• **COLLECTED MATERIAL**:

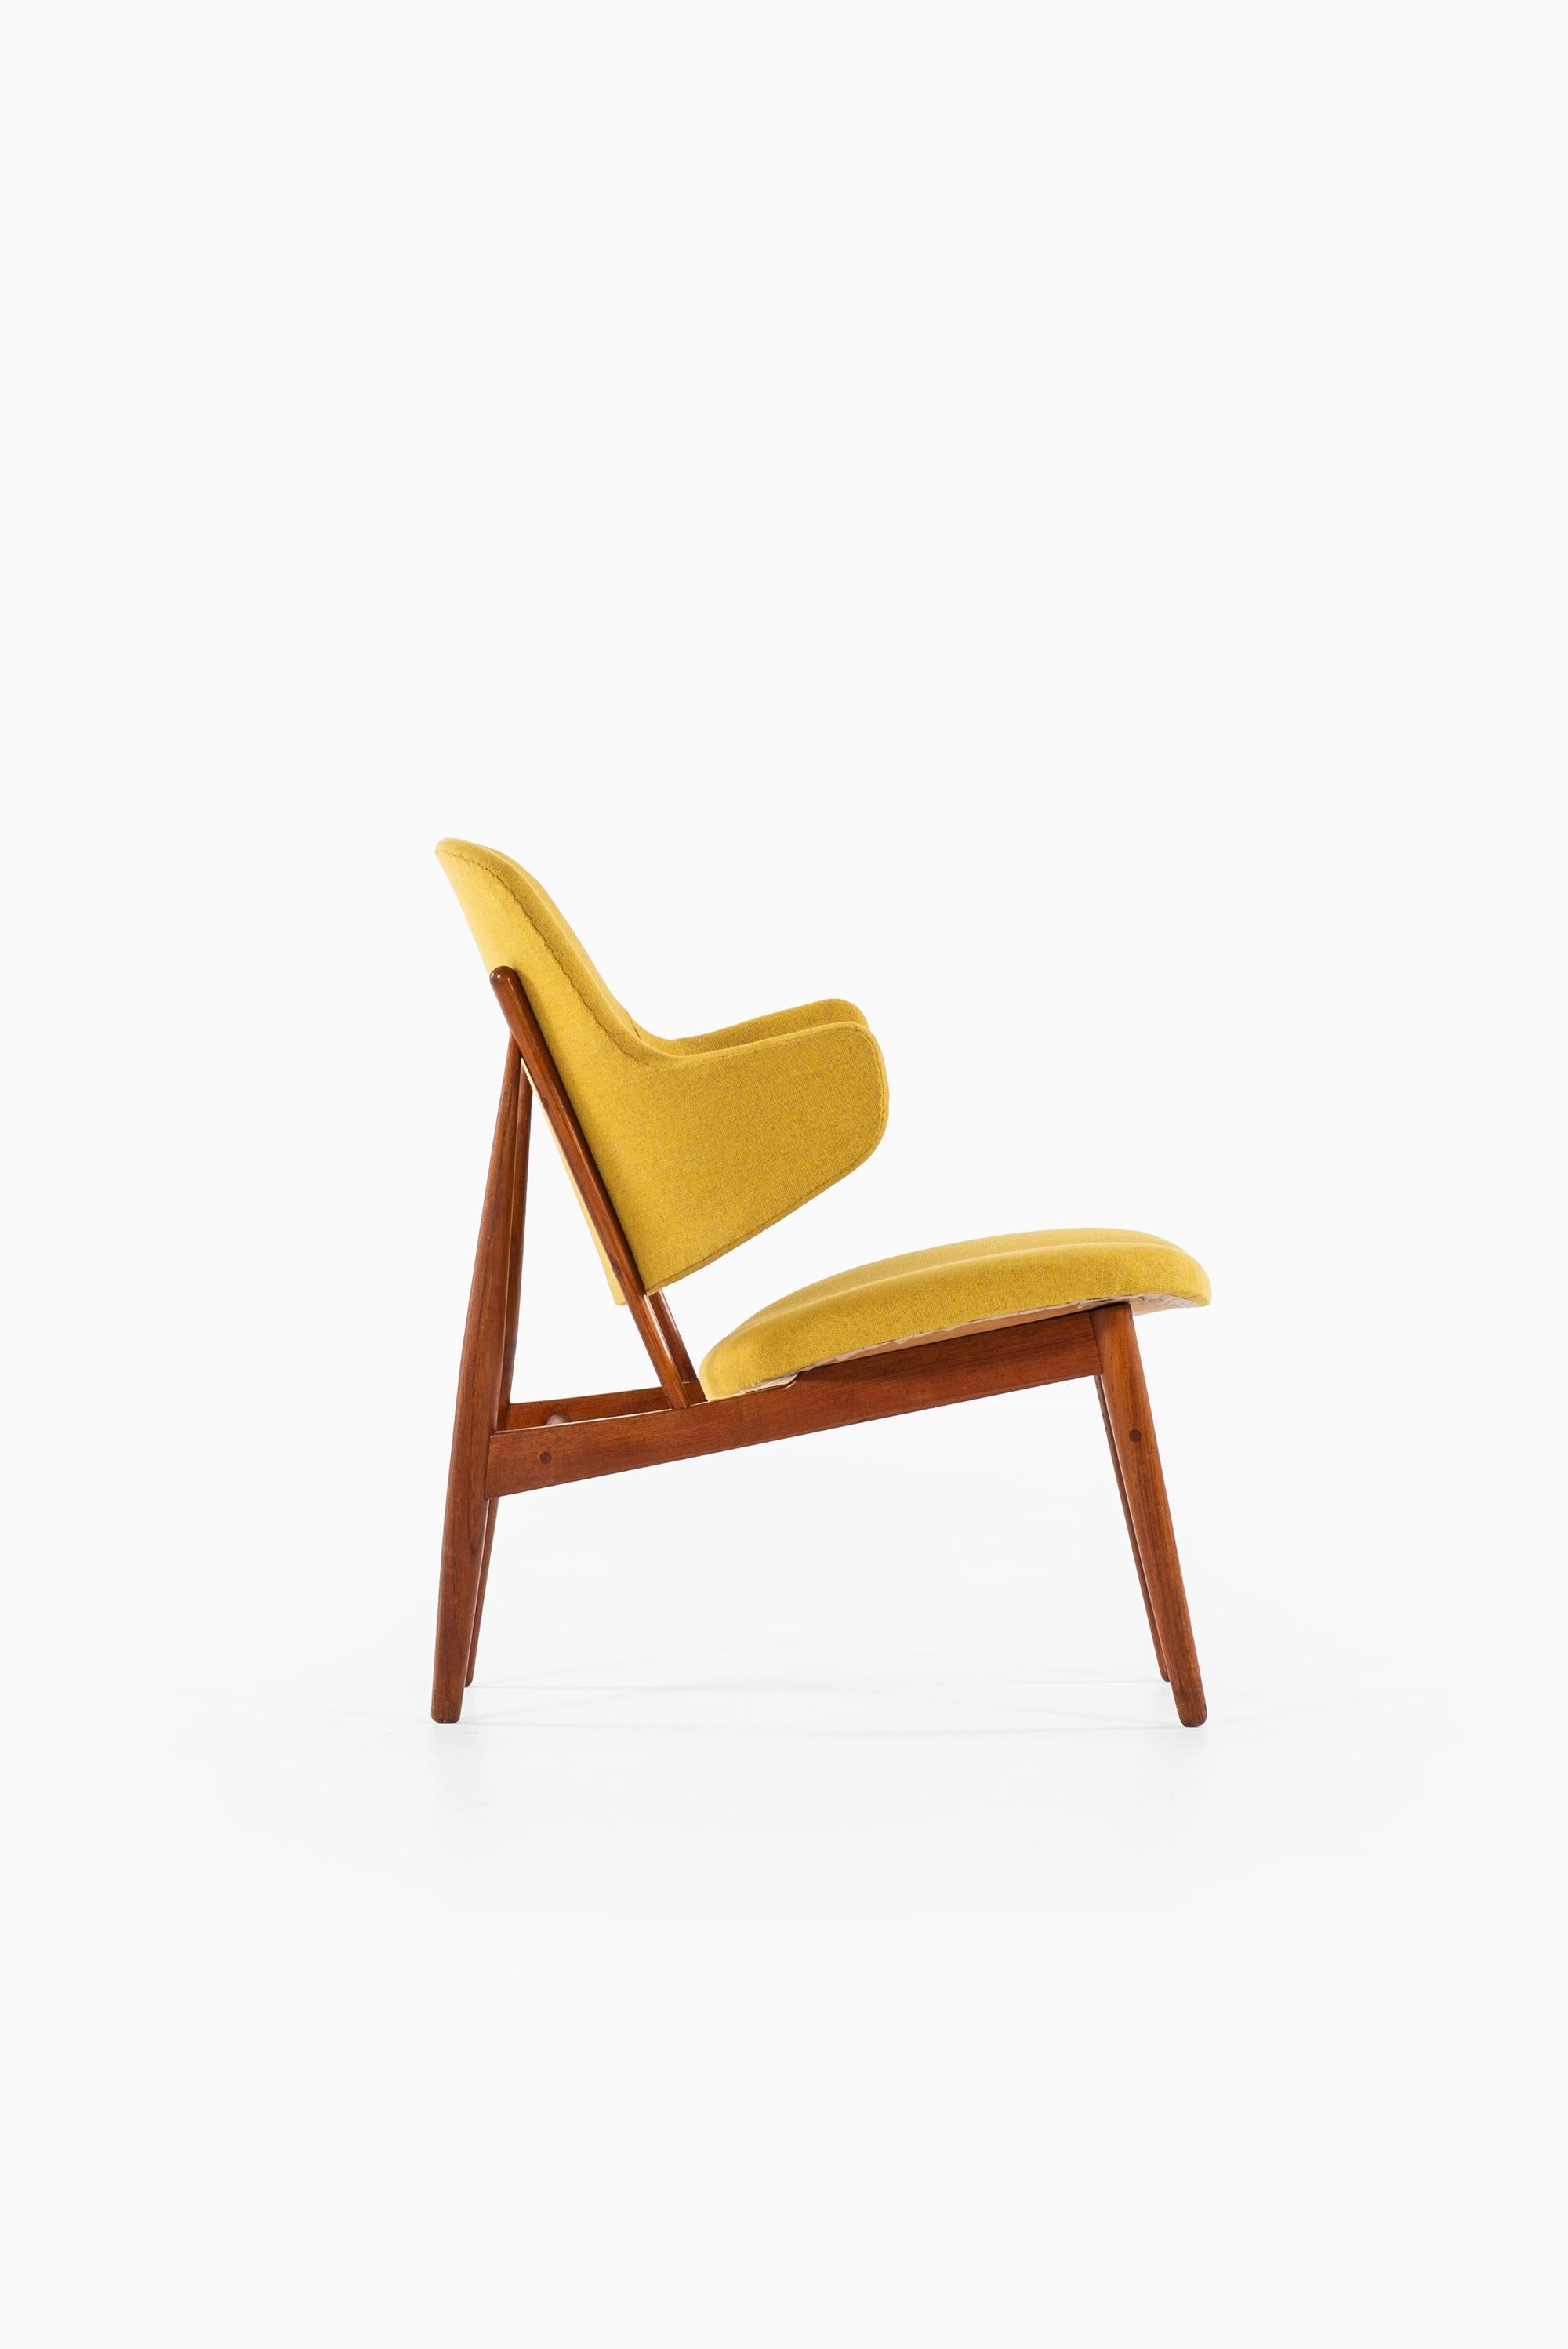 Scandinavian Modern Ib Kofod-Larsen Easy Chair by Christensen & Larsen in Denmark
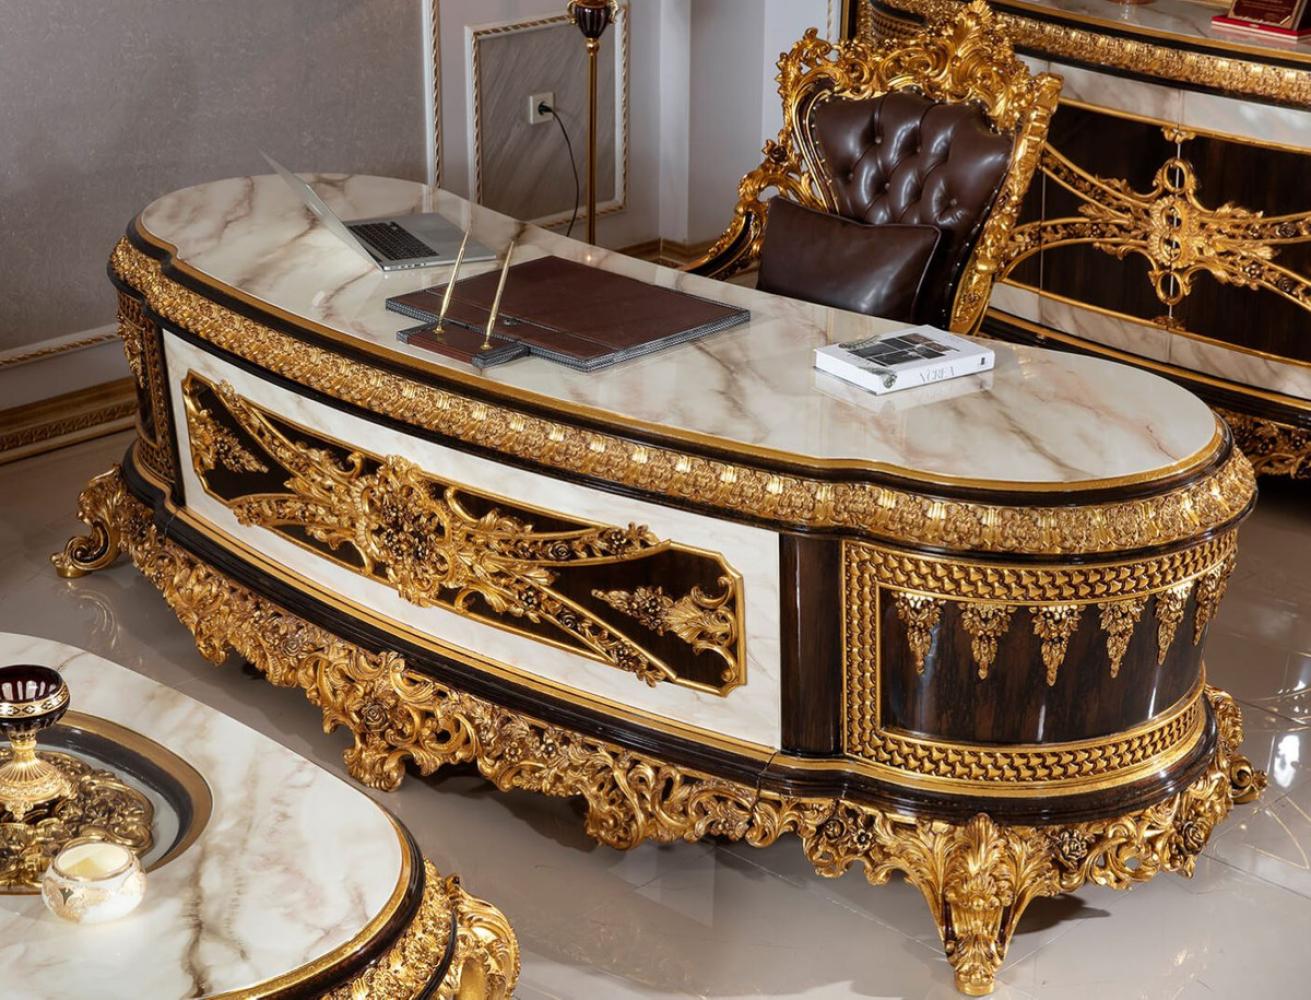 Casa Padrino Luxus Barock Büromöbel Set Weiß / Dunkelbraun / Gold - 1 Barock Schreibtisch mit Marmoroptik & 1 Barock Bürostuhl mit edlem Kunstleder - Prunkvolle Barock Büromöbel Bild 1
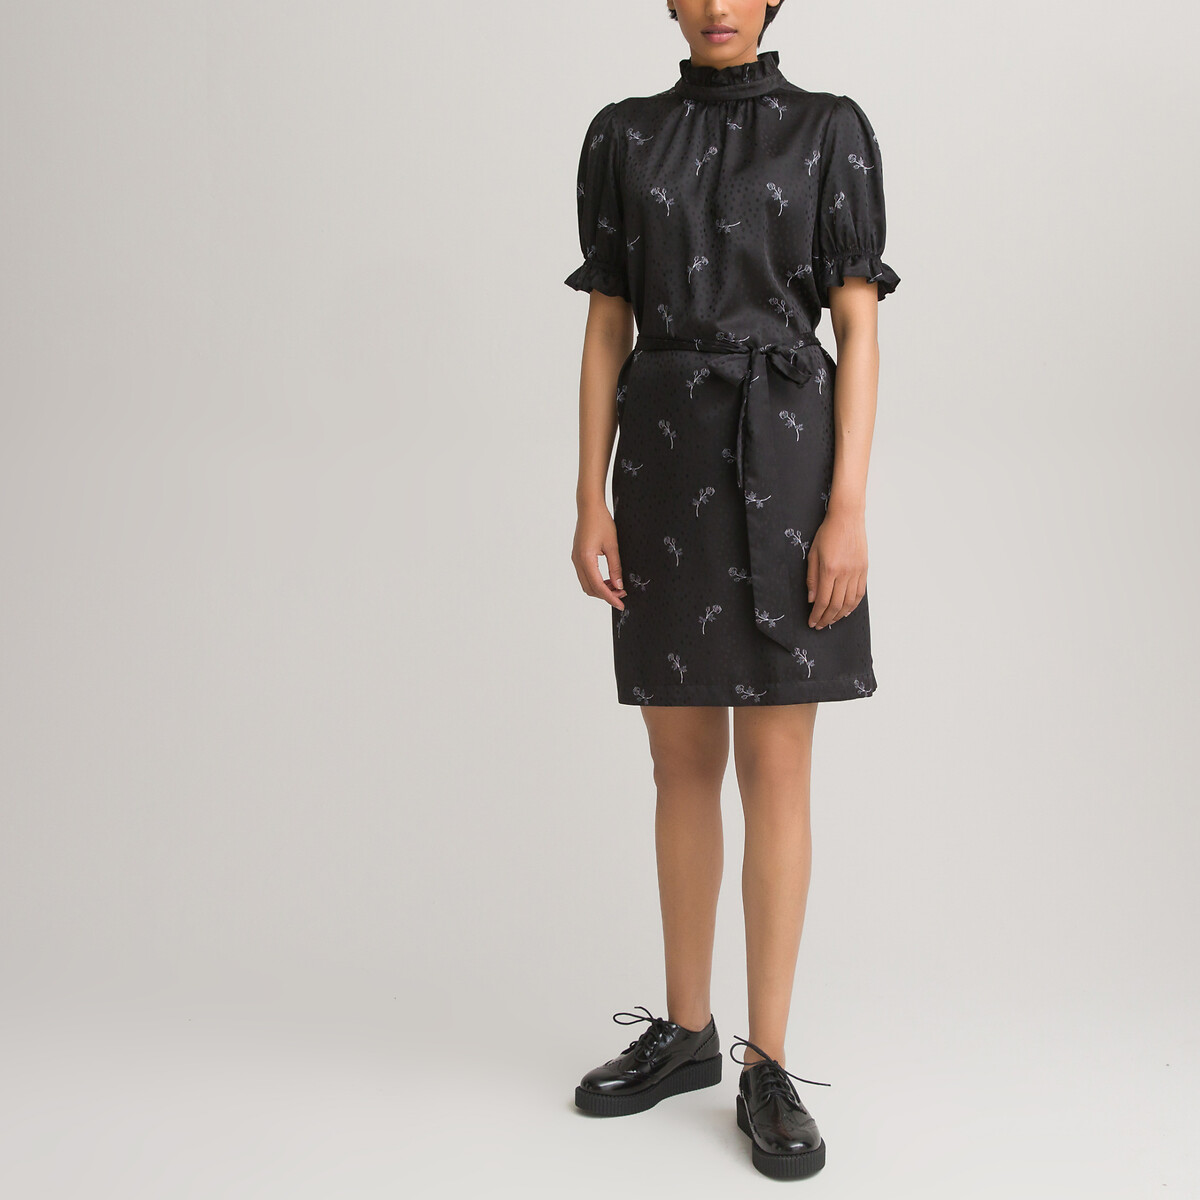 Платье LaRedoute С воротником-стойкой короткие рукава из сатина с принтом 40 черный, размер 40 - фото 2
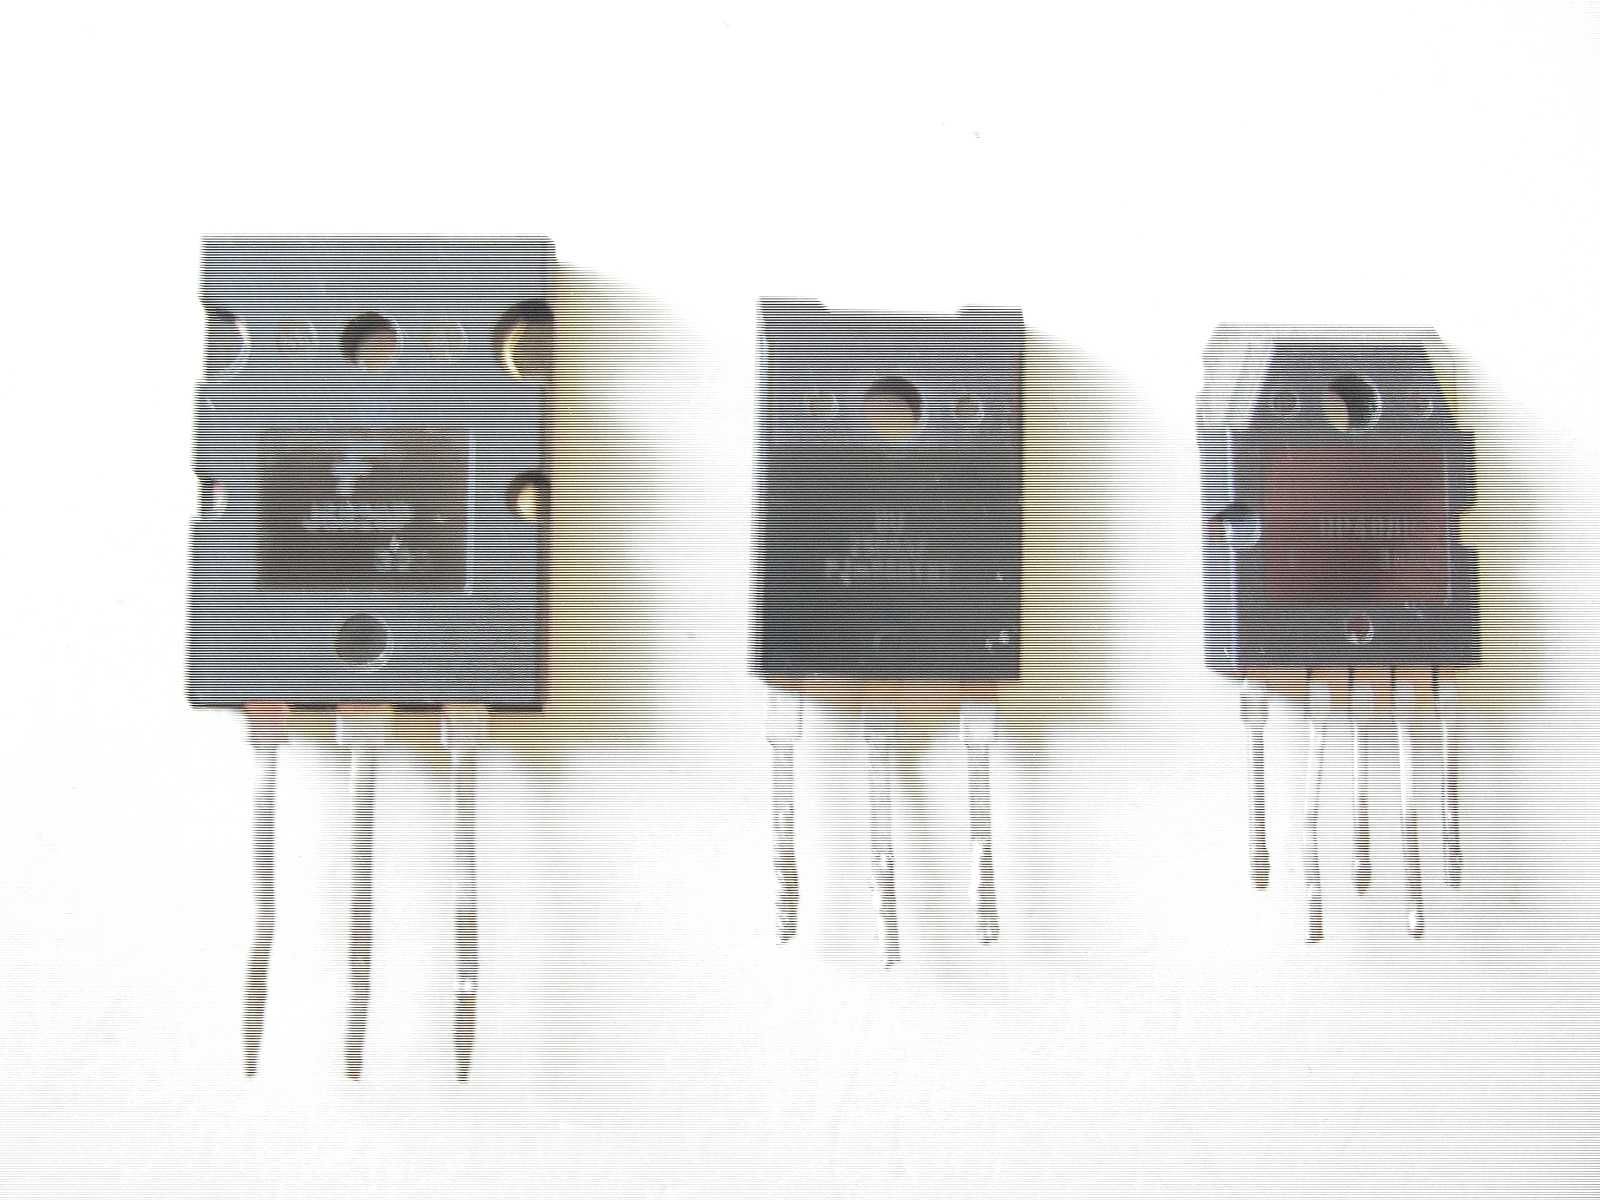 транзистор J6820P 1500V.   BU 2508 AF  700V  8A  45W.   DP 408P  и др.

• **WORK ORDER**: Where a picture appears, omit it; otherwise reproduce each line above from the first to the one with "Casa Padrino Luxus", inclusive.

• **EXPECTED ANSWER**:
 Scandinavian Modern Ib Kofod-Larsen Easy Chair by Christensen & Larsen in Denmark
 Casa Padrino Luxus Barock Büromöbel Set Weiß / Dunkelbraun / Gold - 1 Barock Schreibtisch mit Marmoroptik & 1 Barock Bürostuhl mit edlem Kunstleder - Prunkvolle Barock Büromöbel Bild 1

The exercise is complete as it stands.